What we can and must do is turn our future around. We can and must renounce and condemn racism and see that its deleterious effects end. We can and must reject policies that benefit only the wealthy, most of whom are white. We can and must make the tax structure more equitable by assuring that those who benefit most from our institutions pay a proper share of their cost. We can and must guarantee everyone’s voting rights rather than work to restrict them for people politicians in power think won’t vote for them. We can and we must hold police accountable when they do wrong as we support them when they do right. We can bring the quality of schools in poor places up to the quality of schools in rich places. We can stop imposing harsher sentences for crimes on Black people than we do on white people. We can dismantle the prison industrial complex. We can begin to protect Mother Earth by switching to renewable energy sources and stopping to burn so much carbon-based fuel. We can make corporations more environmentally responsible by changing the law of what they are supposed to do. We can stop putting environmentally damaging installations disproportionately in majority Black areas. We can better guarantee the constitutional rights of women and minorities rather the restrict them the way we do. We can guarantee that all people but especially women and people of color receive equal pay for equal work. We can pass meaningful gun control laws. We can create a universal single payer health care system so that everyone in this country has access to quality medical care. These things and so many other constructive actions aren’t easy, but we can and must do them starting now.

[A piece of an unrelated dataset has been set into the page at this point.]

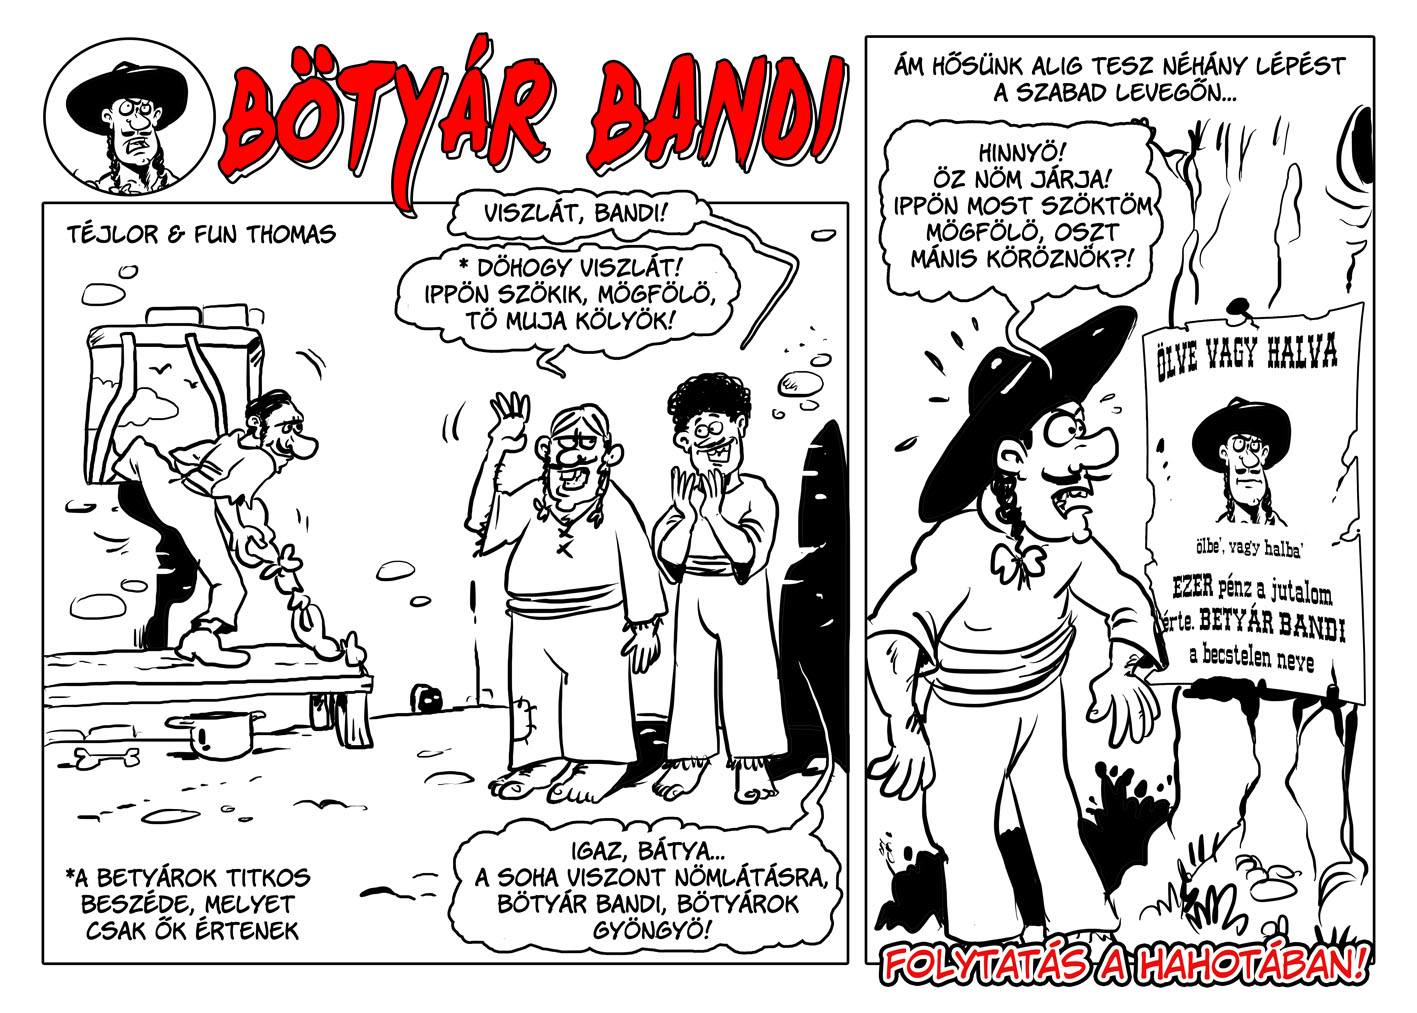 botyar_bandi_tejlor_hahota.jpg

Working to create a better America is what patriotism must mean today, not buying into and celebrating the idolatrous myth that we are the greatest nation on earth. We aren’t. Even our neighbor Canada is a greater nation than we are in a many ways. So are a great many other nations around the world that do a better job of caring for all of their people and that spend a much smaller proportion of their national wealth on the military. Patriotism today must mean working to get our country to live up to what it has always said it is. We’ve got a long way to go. Let’s get to work.



[1] It would be good if we had some other adjective for people of the United States of America. There are after all a lot of people in the Americas other than those of us in the United States. Sadly we don’t. Somehow Unitedstatesian just doesn’t work.
[2] Yes, I know. United States is grammatically plural, but we use it as a singular when referring to the country as a whole.
[3] Although most Americans think we did, we didn’t play the major role in defeating Nazi Germany. The Soviet Union did, but I won’t go into that forgotten truth here.